**Available data:**
━━━━━━━━

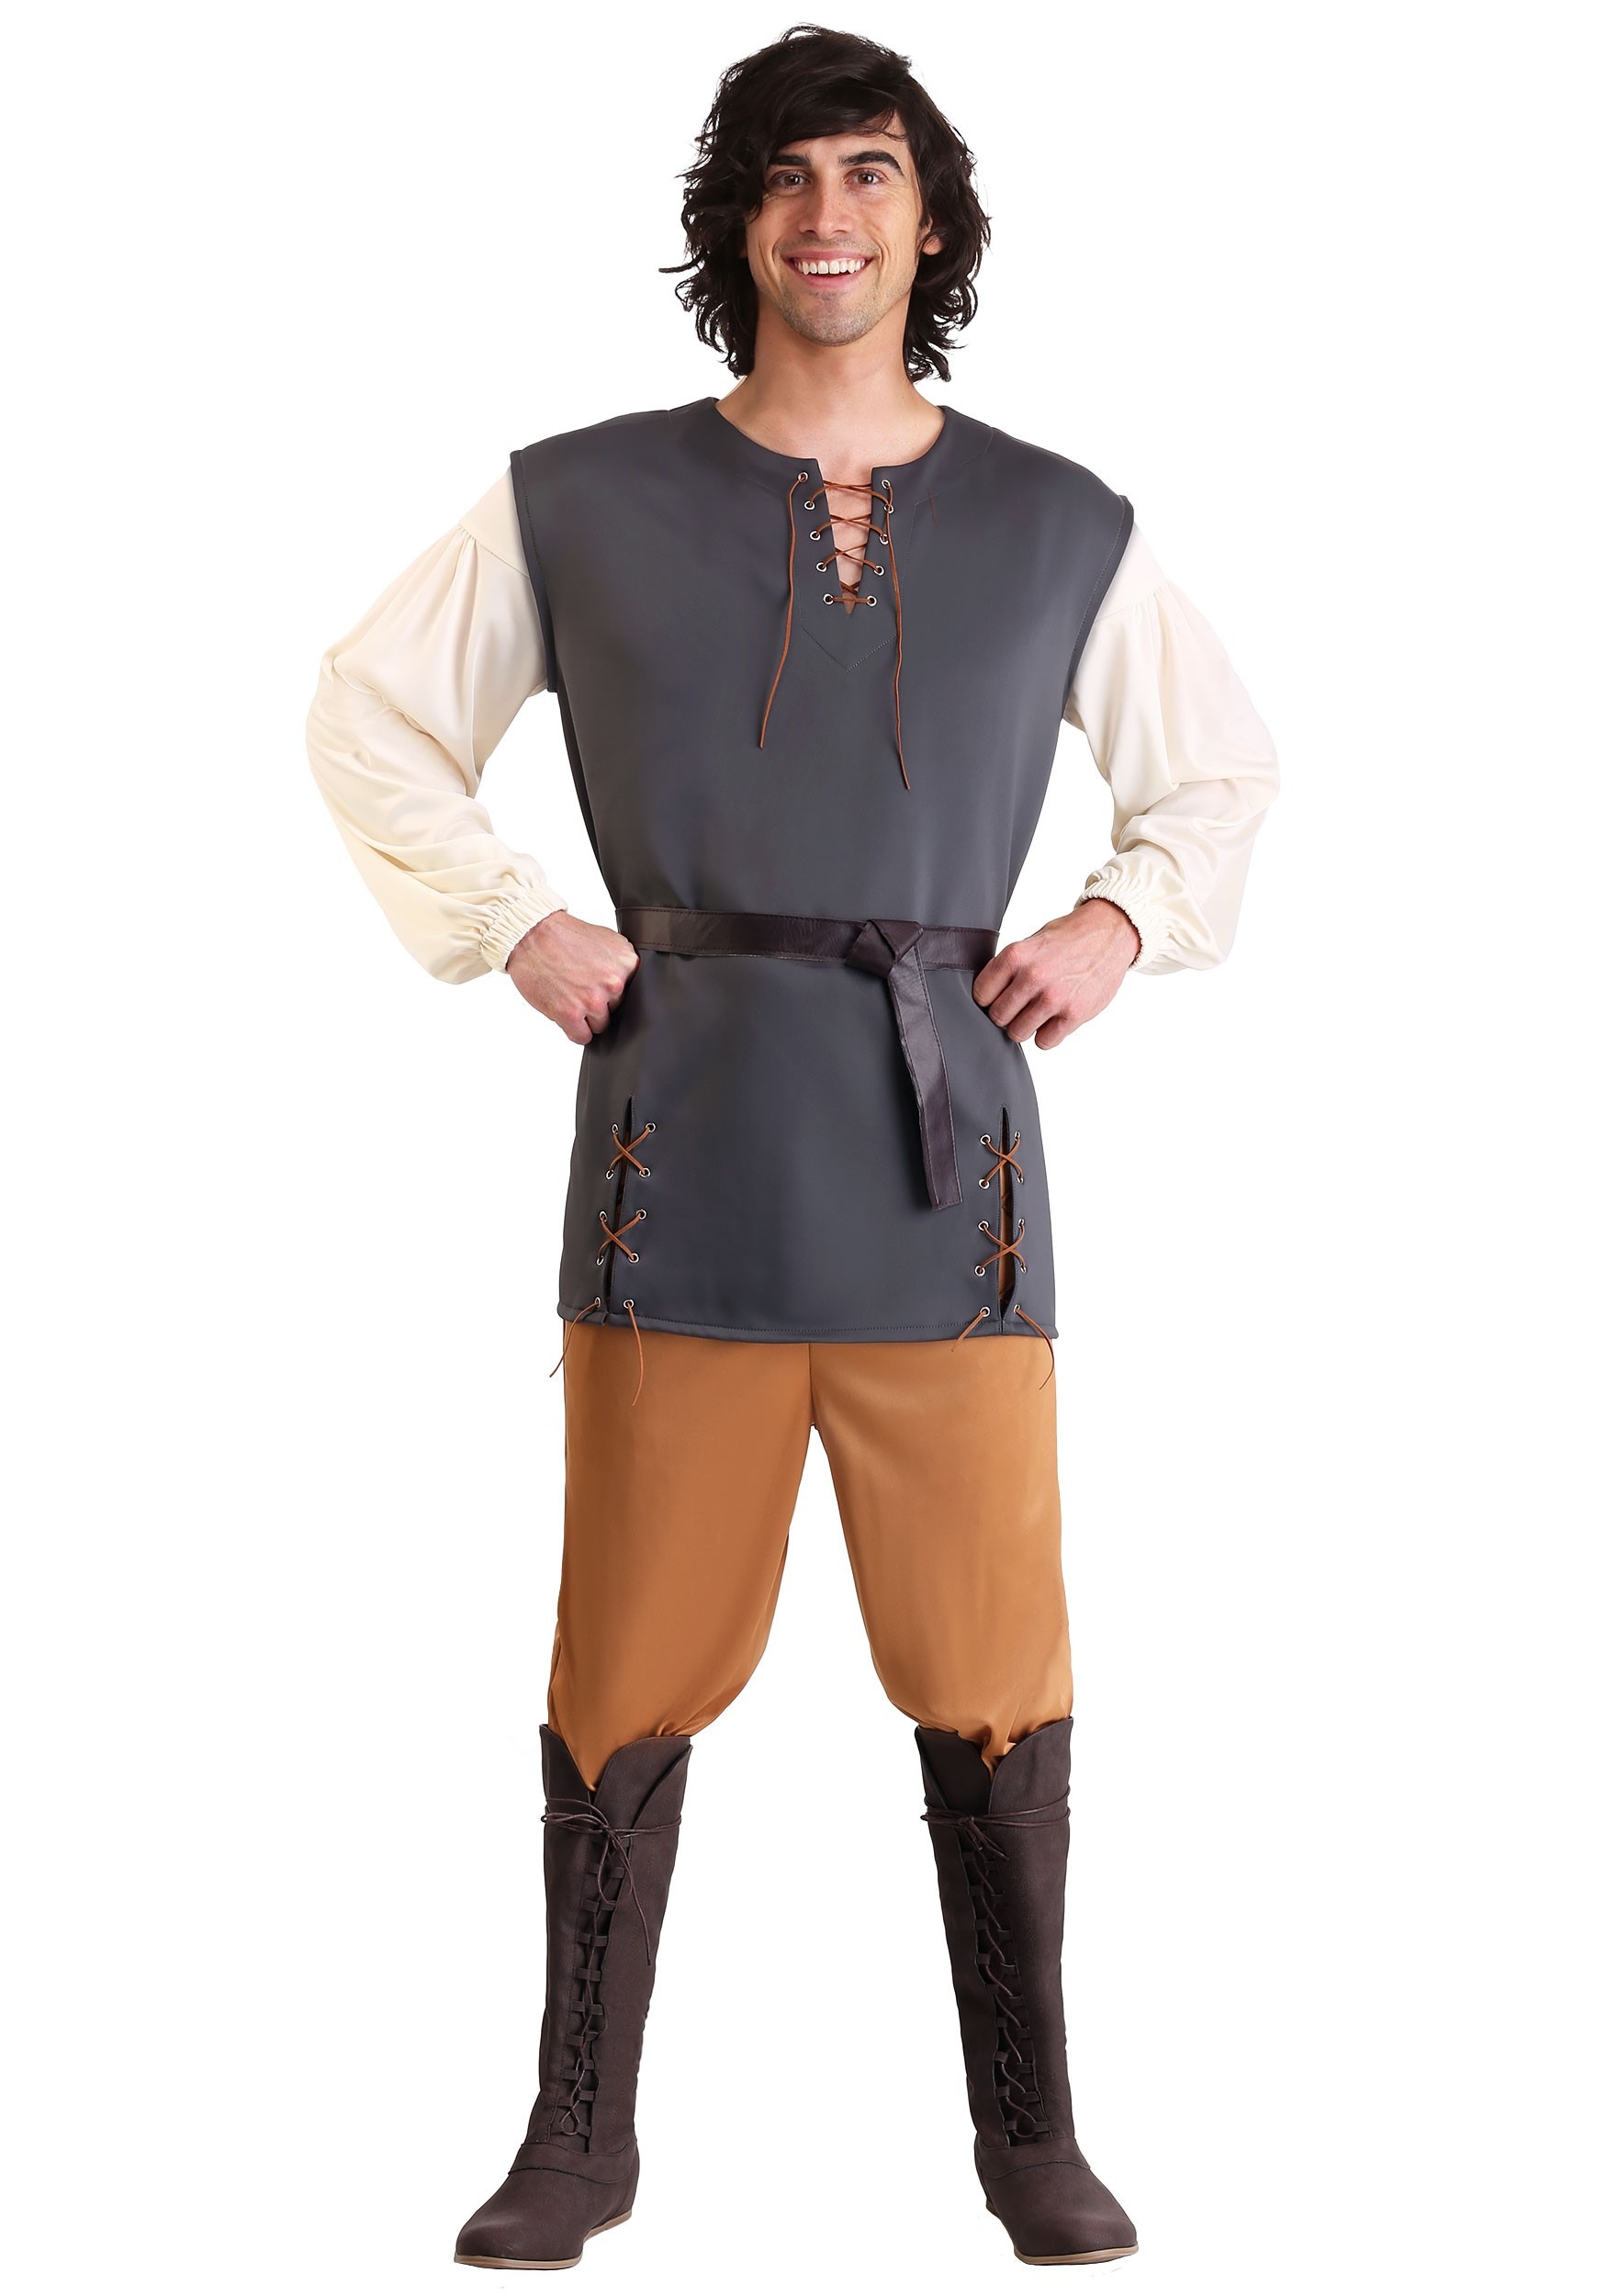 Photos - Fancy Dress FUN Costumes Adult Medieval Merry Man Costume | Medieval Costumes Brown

━━━━━━━━

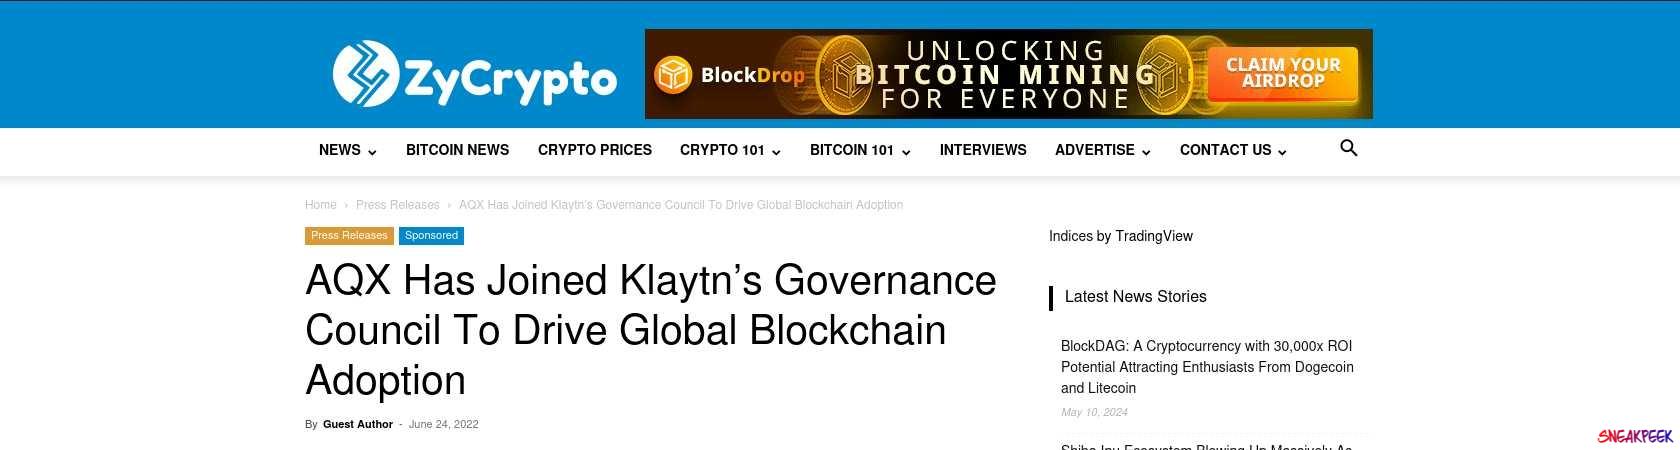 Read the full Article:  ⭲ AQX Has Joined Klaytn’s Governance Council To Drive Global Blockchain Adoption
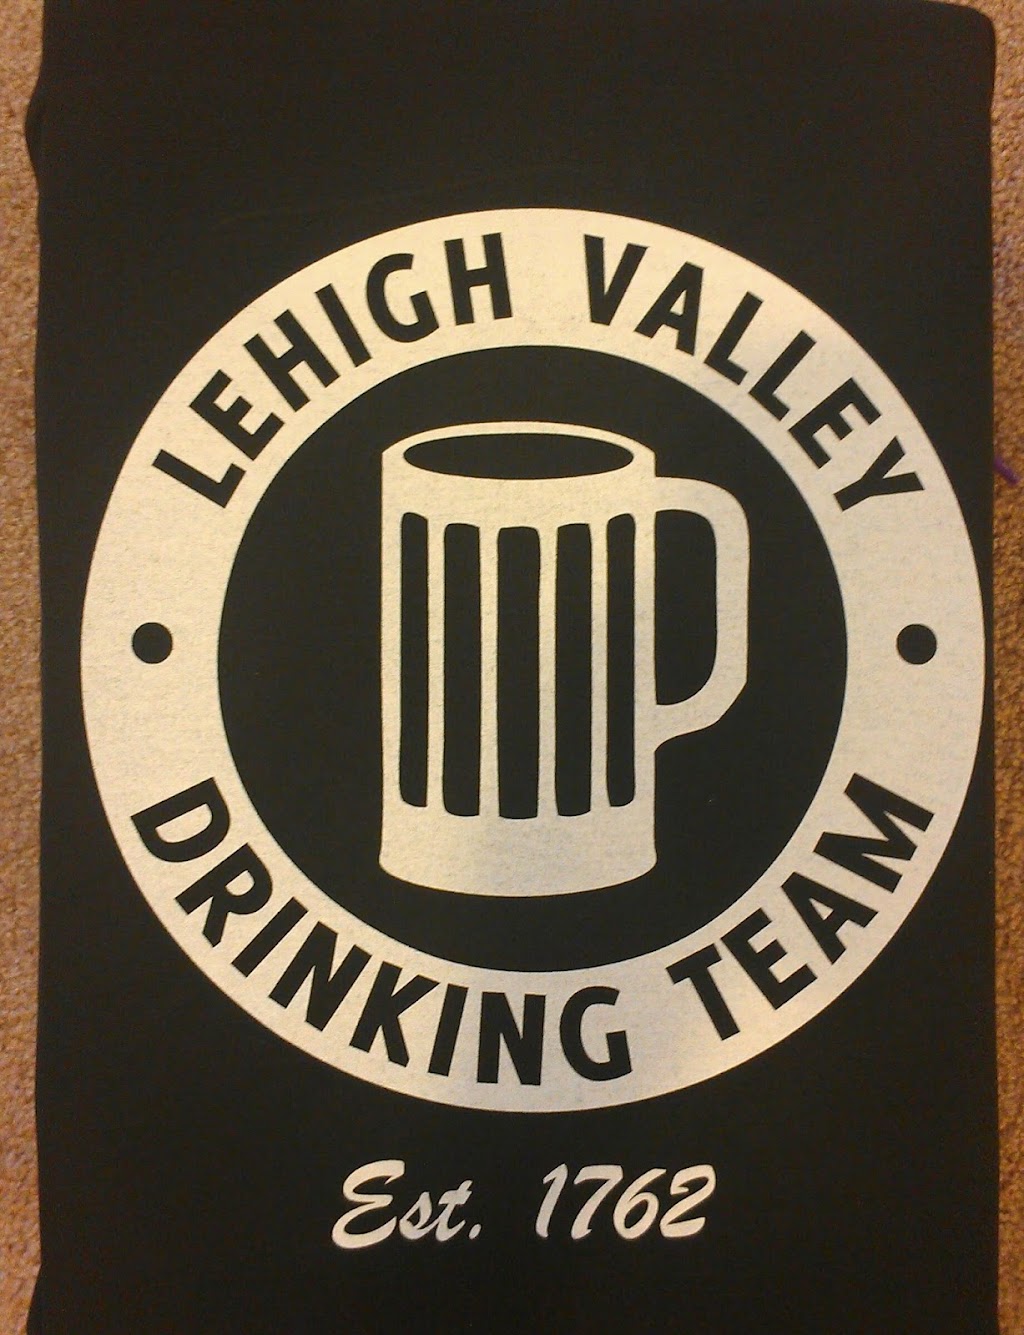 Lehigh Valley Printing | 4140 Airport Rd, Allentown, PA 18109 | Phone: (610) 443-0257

━━━━━━━━

**What is being asked:** For the entries above, print exactly the lines between the one with "Read the full" and the one with "Lehigh Valley Printing", inclusive, with no pictures.

**Reply:**
 Read the full Article:  ⭲ AQX Has Joined Klaytn’s Governance Council To Drive Global Blockchain Adoption
 Lehigh Valley Printing | 4140 Airport Rd, Allentown, PA 18109 | Phone: (610) 443-0257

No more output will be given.